“I have no the monies. A little, yes, but no much. So stay I here. Anyhow, you go. I very glad for you have the fon. While you way think I to you,” Ignace added with a sigh.

“No money! For goodness’ sake, where is it? You just drew—— I beg your pardon, Iggy.” Jimmy colored hotly. “I shouldn’t have asked such a nosey question. Forget it.”

“Ask all thing you want ask all time.” Ignace accompanied this gracious permission with a sweeping flourish of his hand. “You are the Brother. So have you the good right. Firs’ think I no say nothin’. Anyhow, now I tell. I am to poor my mother the bad son for that I run way. When I home give her all monies no my father take. Now I here she have the nothin’ for long time. He my father give only for the rent an’ the eat. No much the eat. In my house are the three littles, two sister an’ one brother. So have I nother brother. He have sixteen year. Work hard but every week get only the five dollar, an’ my father take mos’. Now have I the pay sen’ all my mother. Only I keep two dollar. It is enough here, but no for have the eat, the show, the good time Bob say. Som’ day go along Tremont. No now. I am the broke.” Ignace looked mildly triumphant at having been able to express himself in slangy Bob’s vernacular.

“You may be ‘the broke,’ Iggy, but you’ve got a solid gold heart!” exclaimed Bob, his shrewd black eyes growing soft. “I call that mighty white in you. Never you mind, if we can get the passes you come along with us just the same. I’ll do the treating and glad to at that.”

“Count me in on that,” emphasized Jimmy. “My dough is yours, Iggy. You can draw on it till it gives out.”

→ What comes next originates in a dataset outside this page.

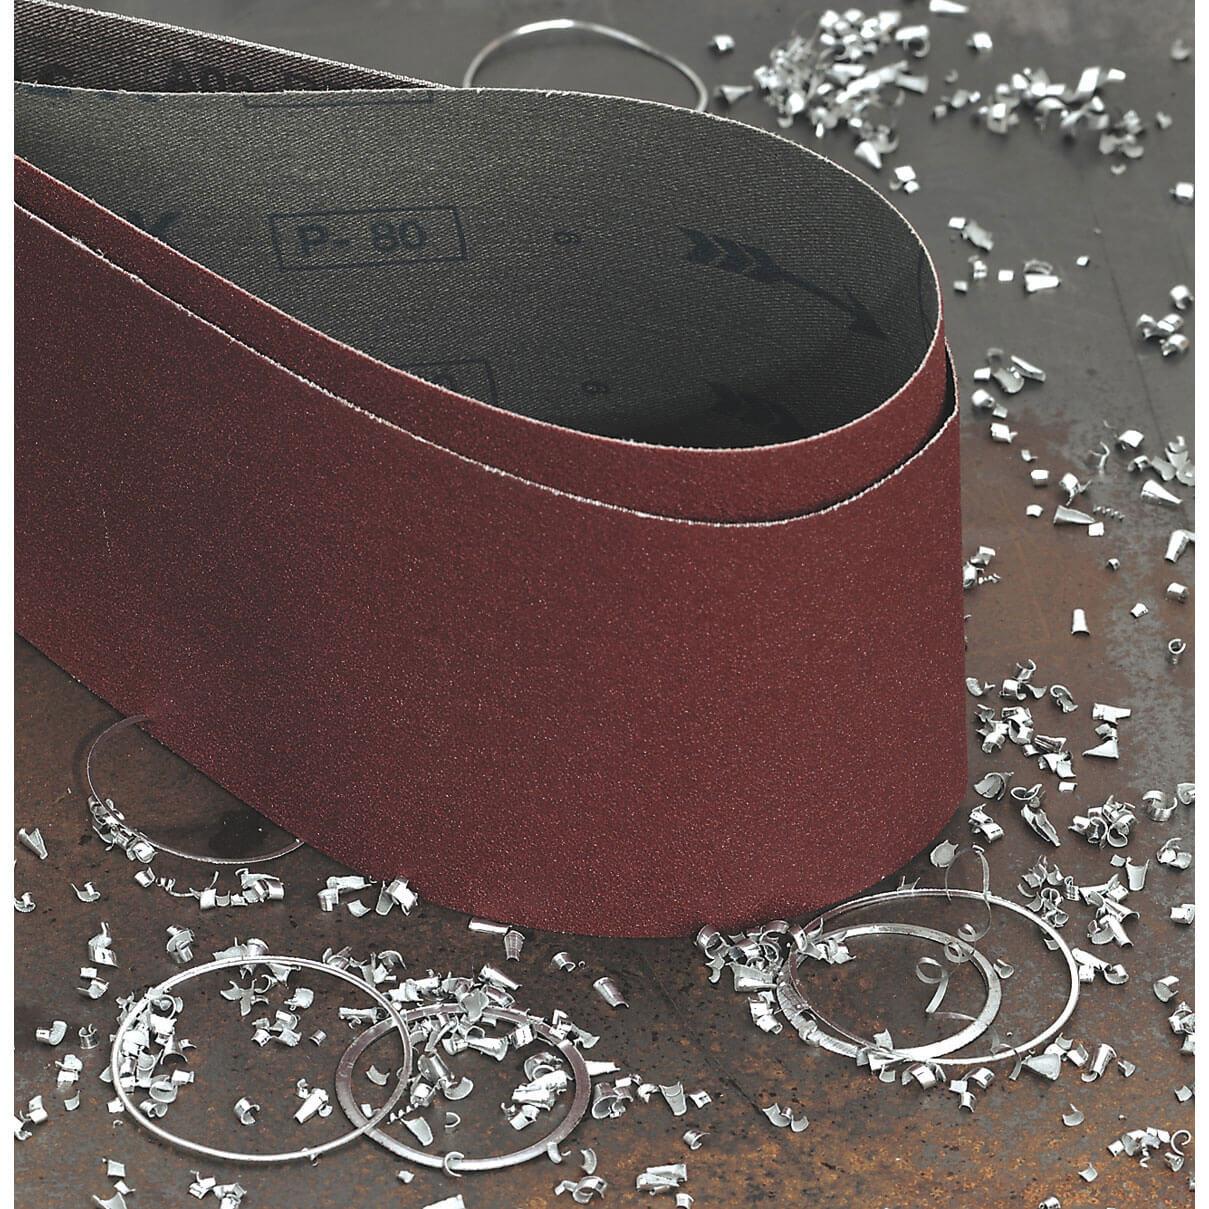 Image of Sealey 100mm x 1220mm Sanding Belt 100mm x 1220mm 80g Pack of 1

“Same here,” smiled Roger, who had been signally touched by the broken little tale of sacrifice.

“No, no!” The Pole’s tones indicated stubborn finality. “I can no do. Thank. You are the too good all. I know; un’erstan’. I have for me what you call it, the respet. So mus’ I the no say an’ stay by the camp. You ask me more, I no like; feel fonny mad!”

Ignace’s characterization of hurt self-respect as “fonny mad” raised a laugh. That, at least, did not disturb him. He merely grinned and remarked tranquilly: “You make the fon one poor Poley.”

The plan for a journey into Tremont, having been duly discussed, it but remained to the three young men to obtain the desired passes for Saturday afternoon. Tremont was the only city of importance within a radius of seventy-five miles. It lay about twenty miles east of the camp. Soon after the making of Camp Sterling a line of automobile busses had sprung up to do a thriving business between there and Tremont. There were also many regularly licensed jitney automobiles that went to and fro for the accommodation of both soldiers and visitors, not to mention their own individual profit.

“We can go to Tremont in one of those Cinderella pumpkins for seventy-five cents, or we can give up a plunk apiece and ride in style in a jit. You pays your money and you takes your choice,” declared Bob. At first sight he had attached the appellation of Cinderella pumpkins to the big yellow uncomfortable busses operated by a business concern in Tremont.